No acumulado de 2020, o Ebitda somou R$ 229,14 milhões (+54,6%), enquanto o indicador incluindo incentivo fiscal totalizou R$ 243,20 milhões (+45,4%).

Os resultados da Aeris Energy (BOV:AERI3) referente a suas operações do quarto trimestre de 2020 foram divulgados no dia 09/02/2021. Confira o Press Release completo!

A receita líquida de 2020 foi de R$ 2,208 bilhões, crescimento de 164%, puxada pelas vendas de pás para o mercado interno.

4T20

A Aeris Energy registrou lucro líquido de R$ 15,629 milhões no quarto trimestre de 2020, queda de 61,2% em relação ao observado em igual período de 2019.

O Ebitda caiu 33,8% em base anual de comparação com o quarto trimestre de 2019, para R$ 45,475 milhões.

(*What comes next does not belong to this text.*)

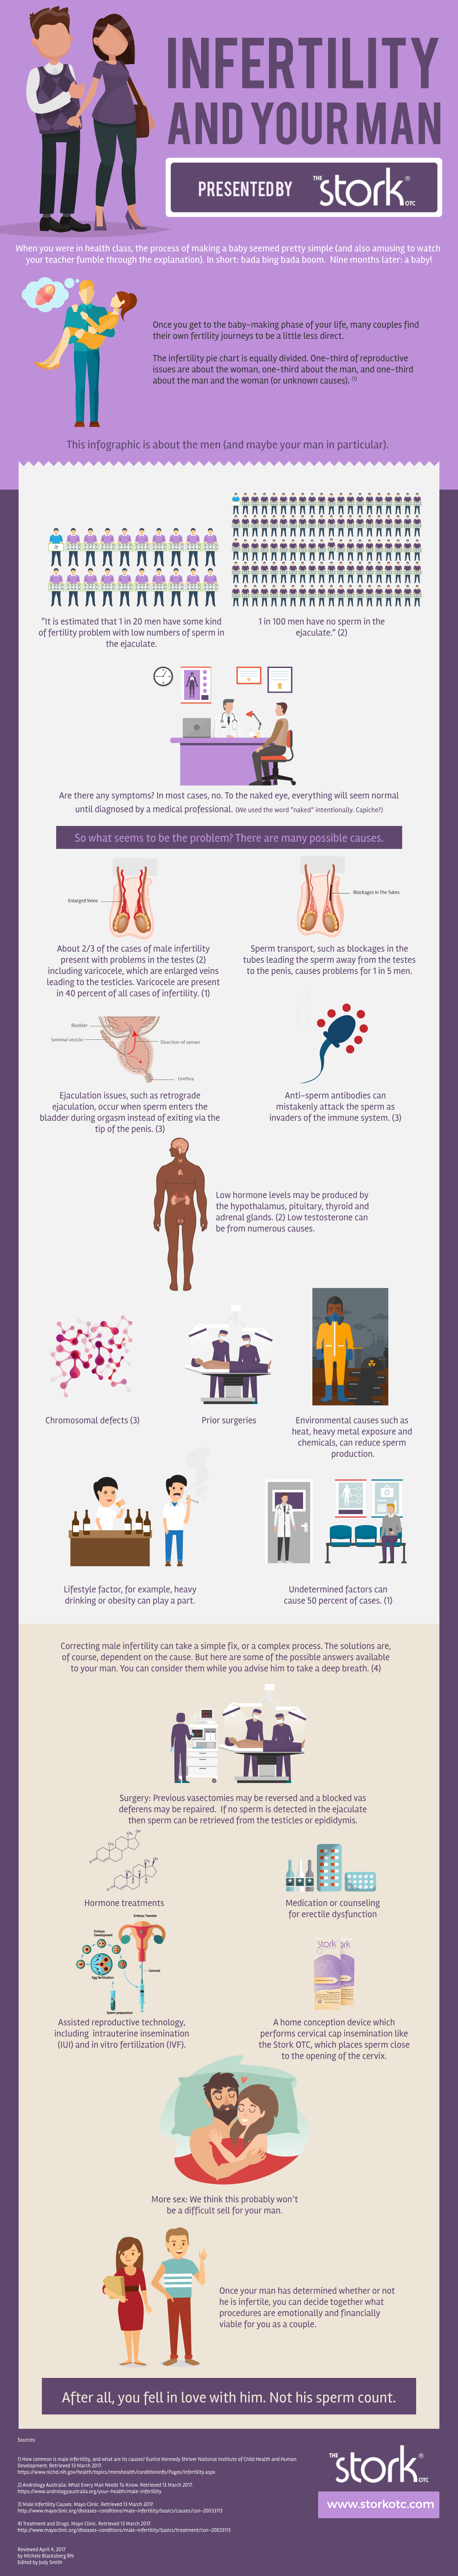 Infographic Fertility And Your Man

Considerando o incentivo fiscal Sudene, o indicador atingiu R$ 45,4 milhões, 33,8% inferior no comparativo anual.

A receita líquida operacional da Aeris atingiu R$ 749,924 milhões no quarto trimestre, crescendo 166% ante igual período de 2019.

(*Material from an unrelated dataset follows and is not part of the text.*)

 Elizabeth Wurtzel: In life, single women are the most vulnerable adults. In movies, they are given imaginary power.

O retorno sobre o capital investido (ROIC) ficou em 20,7% no último trimestre de 2020, uma redução de 8,1 pontos percentuais no comparativo anual. Segundo a empresa, a queda do indicador reflete o aumento de 133% no capital investido médio como preparação para a ampliação de capacidade produtiva, que atenderá a contratos de fornecimento de pás já assinados com clientes para os próximos anos.

Teleconferência

A Aeris Energy deve executar a maior parte dos investimentos restantes em expansão de capacidade produtiva ao longo do primeiro semestre de 2021, afirmou nesta quarta-feira Bruno Lolli, diretor de planejamento e de RI da companhia.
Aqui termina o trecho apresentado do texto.